# Cold Peel Plastisol question



## 100 Cotton (Apr 17, 2007)

Hi, I have never used cold peel plastisol before, only hot split and I just did a couple of the cold peel prints, followed the instruction to let the shirt cool down, temperature (370), time (15 sec), pressure (high) etc, and the print looks good but doesn't seem to "melt" into the fabric like the hot split does. 

The effect from my experiment looks like the graphic is paste onto the shirt. If I scratch the graphic real hard, it kinda comes off, not easily though.

Should the print look like that, like being pasted on instead of melted into the fabric? Should any ink left on the transfer paper after peeling off from the shirt? My transfer left virtually no ink after the transfer, unlike my hot-split which usually have ink left on the transfer paper.

I'm looking for your expert advice please. Thanks in advance.


----------



## splathead (Dec 4, 2005)

Cold peel produces a more opaque image. It does this by transferring more ink from the paper to the garment and by sitting on top of the garment more than a hot split.

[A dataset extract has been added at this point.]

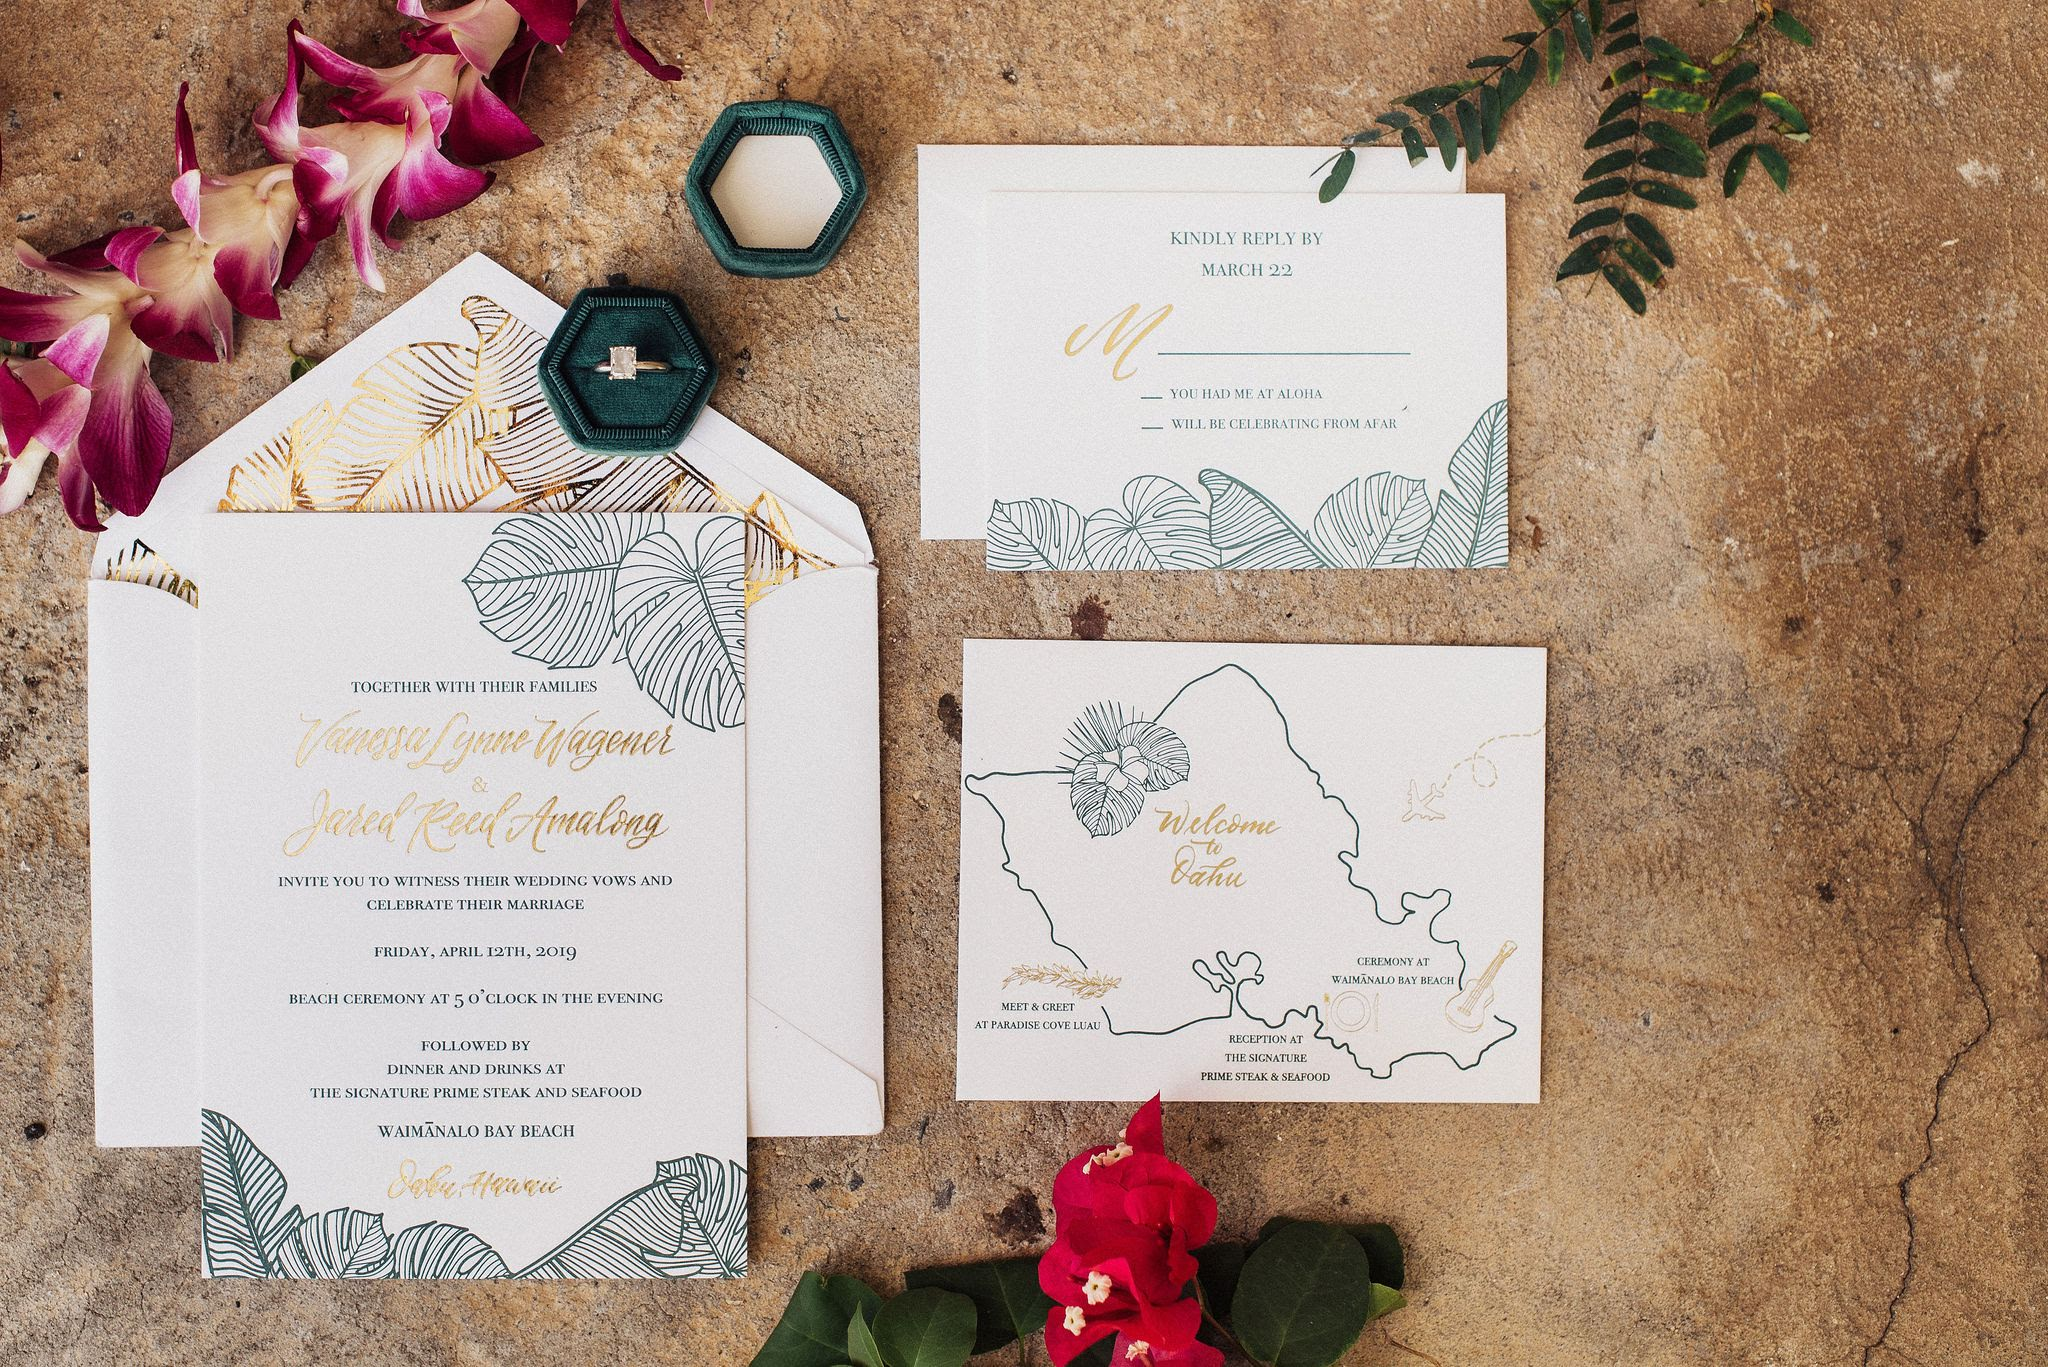 Letterpress and gold foil invitation

Whichever one you like better is the one to use. They both serve their purpose.


----------



## sjidohair (Apr 9, 2008)

My cold Peels always seem to sit higher,, usually have glitter or something in them,, wear well but a lil more rubbery feel


----------



## 100 Cotton (Apr 17, 2007)

sjidohair said:


> My cold Peels always seem to sit higher,, usually have glitter or something in them,, wear well but a lil more rubbery feel


Yeah, just like what you described, so it's what I should expect. I did a quick wash and the graphic stays on. Cool, Thanks!


----------



## sjidohair (Apr 9, 2008)

some of my best colors are cold peel Why i dont know but they are,,, some vinyl is cold peel too.


----------